UH put together its most complete, all-around (offense, defense and special teams) victory in at least nine years in its last outing, the 54-3 pummeling of Nevada in the snowflakes and rain of Reno. You have to go back to at least a 41-7 thumping of San Jose State in 2010 to find as well-tuned and all-inclusive a victory.

Buoyed by winning at Nevada, a place where victory had eluded them in eight of nine previous meetings and coming off their last restorative open date of the regular season, Hawaii seems to have a lot of things in their favor for this one.

After today, UH will play four of its final six conference games at home, including division foes Fresno State (2-2) and San Diego State (4-1) and Mountain Division opponent Air Force (3-2). Its only remaining road stops will be at New Mexico (2-3) and Nevada-Las Vegas (1-4), one or both of whom could be in the midst of coaching changes by the time UH shows up.

There are no guarantees, of course, but that is a promising path toward what would be UH’s first MWC division title.

Which brings us back to the importance of the considerable task at hand tonight before a national television audience on ESPN2.

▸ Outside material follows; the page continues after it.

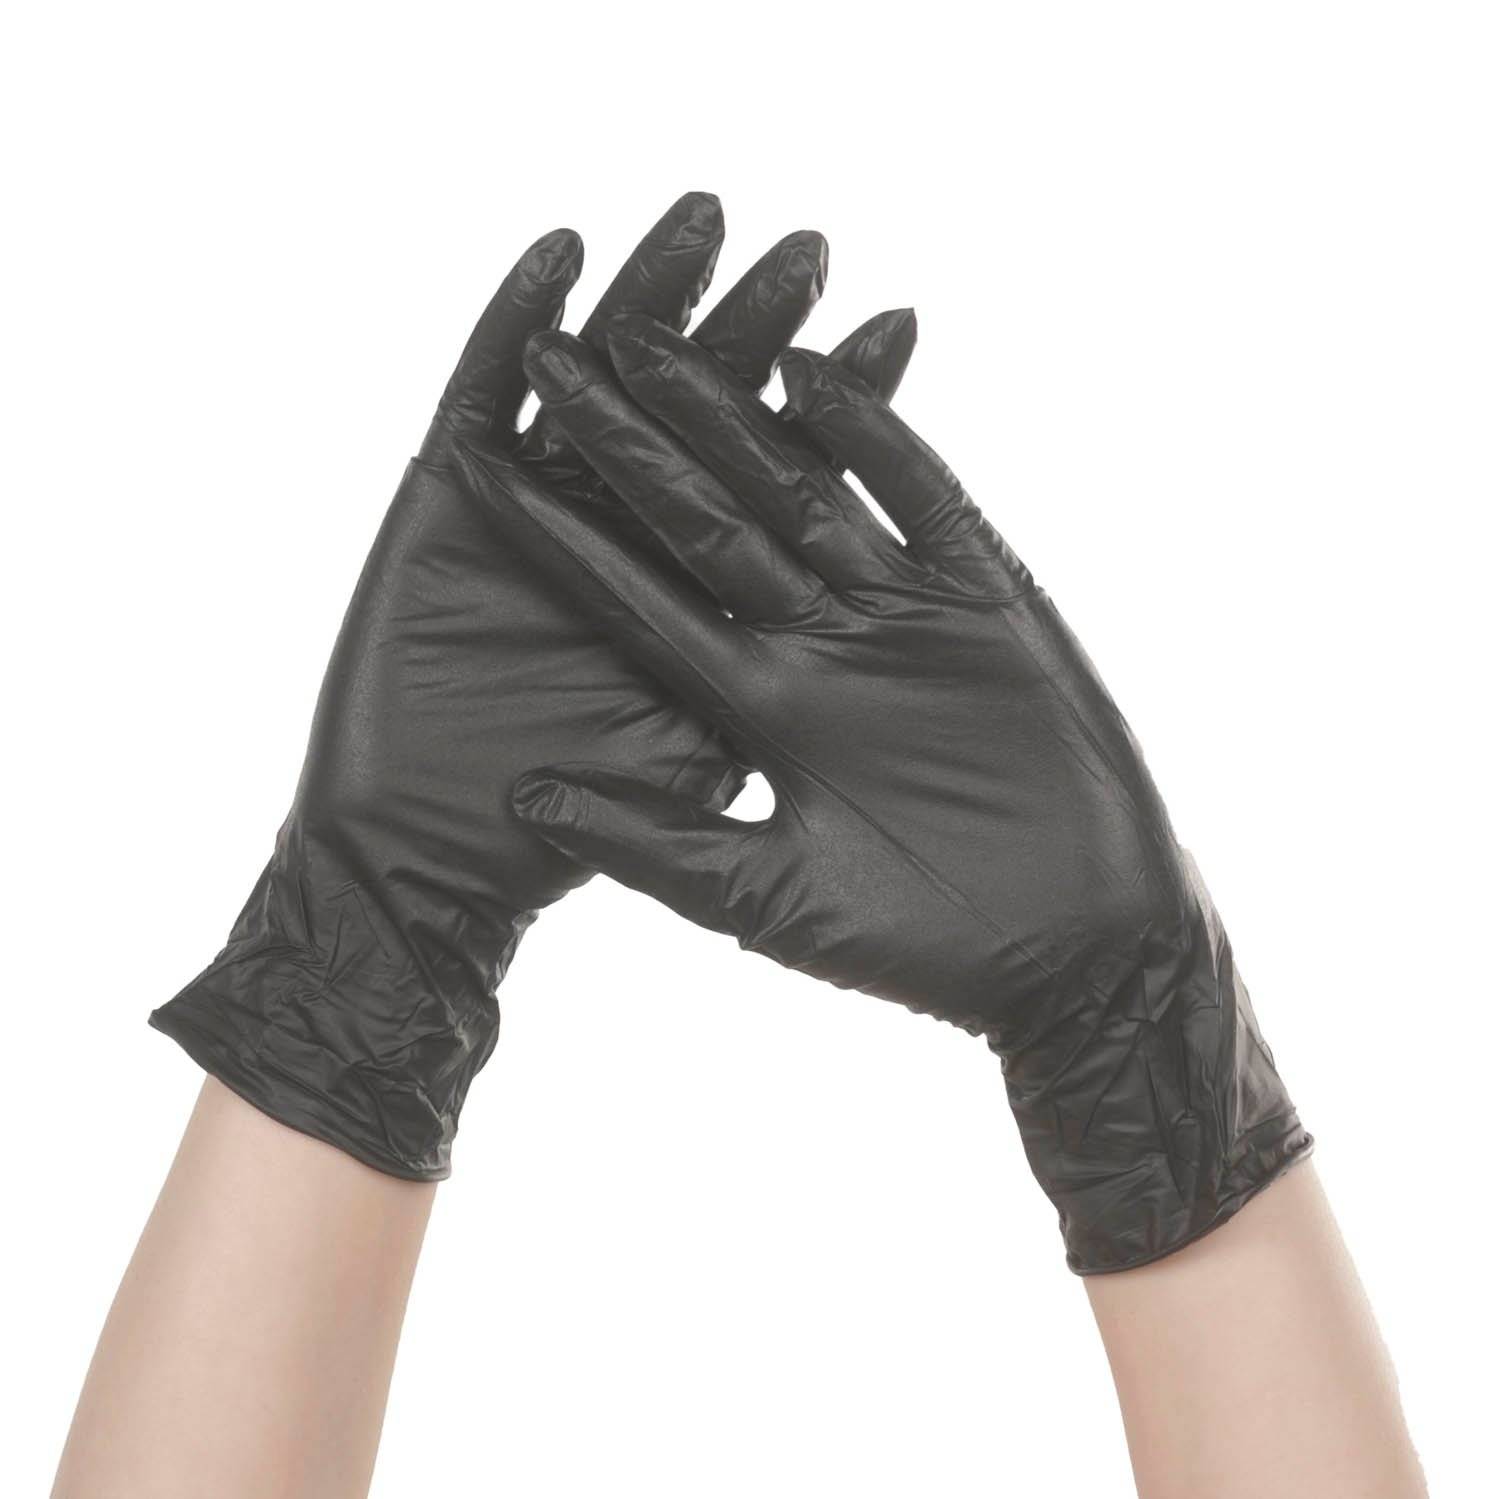 Galls 5 Mil Nitrile Exam Gloves (100/Box, 1,000/Case)

Only Provo, Utah, where UH is 0-10 against Brigham Young, has been a tougher place for Hawaii to win than Boise. UH’s six losses on the blue FieldTurf have come by an average of 35 points. Not since 2006, when UH lost 41-34, has one been what you would consider close.

But this team, through its efforts against Arizona and Oregon State and at Nevada have, so far, proven to be a resilient, focused group undeterred by the elements or history.

If the Warriors manage to stay that way, who knows what might be waiting for them come Dec. 7?